Monday, May. 28, 1928
Signed & Consigned
By a simple motion of his right hand, President Coolidge called forth a flood of headlines in the press of the Mississippi Basin. Hundreds of citizens of New
Orleans rushed into their City Hall to make merry with expansive Mayor Arthur J. O'Keefe. The school children of New Orleans were instructed to contribute a penny each to buy a silver scroll of thanks for President Coolidge. Mayor O'Keefe called for thanksgiving services in all the churches. The Flood Control bill was law at last.
In the Louisiana legislature, rejoicing was not so wholehearted. Members from districts where Federal spillways and floodways will force dwellers to move out, defeated a resolution of thanks to the U. S. Congress. .. After the excitement had passed, citizens considered what actual Flood Control work would go ahead forthwith, and what the U. S. had done already.
After the flood (April-May, 1927), the U. S. Army engineers, who were caught in the middle of a four-year levee-improvement program, directed their energies and the $10,000,000 currently available for their work, together with two borrowed millions, to plugging crevasses, replacing revetments,* dredging out silt-choked channels. Today the Mississippi's levee system is as sound as before the flood, the Army reports.

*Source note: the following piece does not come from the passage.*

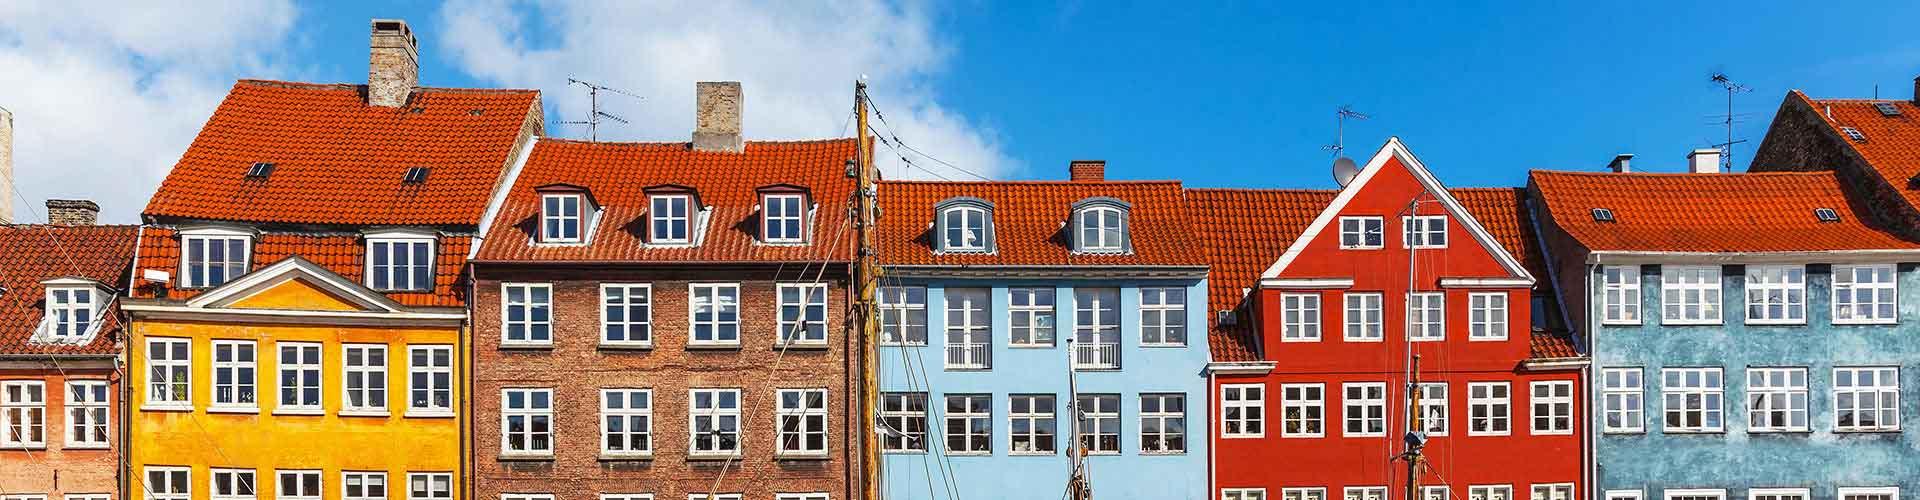 Kopenhaga - Hostele w mieście: Kopenhaga, Mapy: Kopenhaga, Zdjęcia i Recenzje dla każdego hostelu w mieście Kopenhaga.

Before the new flood-prevention works can be begun, two more legal moves are necessary: 1) To $10,000,000 which the War Department has on hand, Congress must add $15,000,000, to make up a first instalment of $25,000,000 on the $325,000,000 authorized for the whole program. The $15,000,000 will doubtless be inserted in the Second Deficiency Bill when that measure reaches the Senate this week or next. 2) The new three-man U. S. Flood Control Commission (see below) must study conflicting plans for the work and report to the President, who will pass on the final plan. The conflicts centre chiefly on the size and cost of floodways on the Boeuf River in Arkansas and Louisiana and the Atchafalaya River in Louisiana; and on raising present levees a third foot higher.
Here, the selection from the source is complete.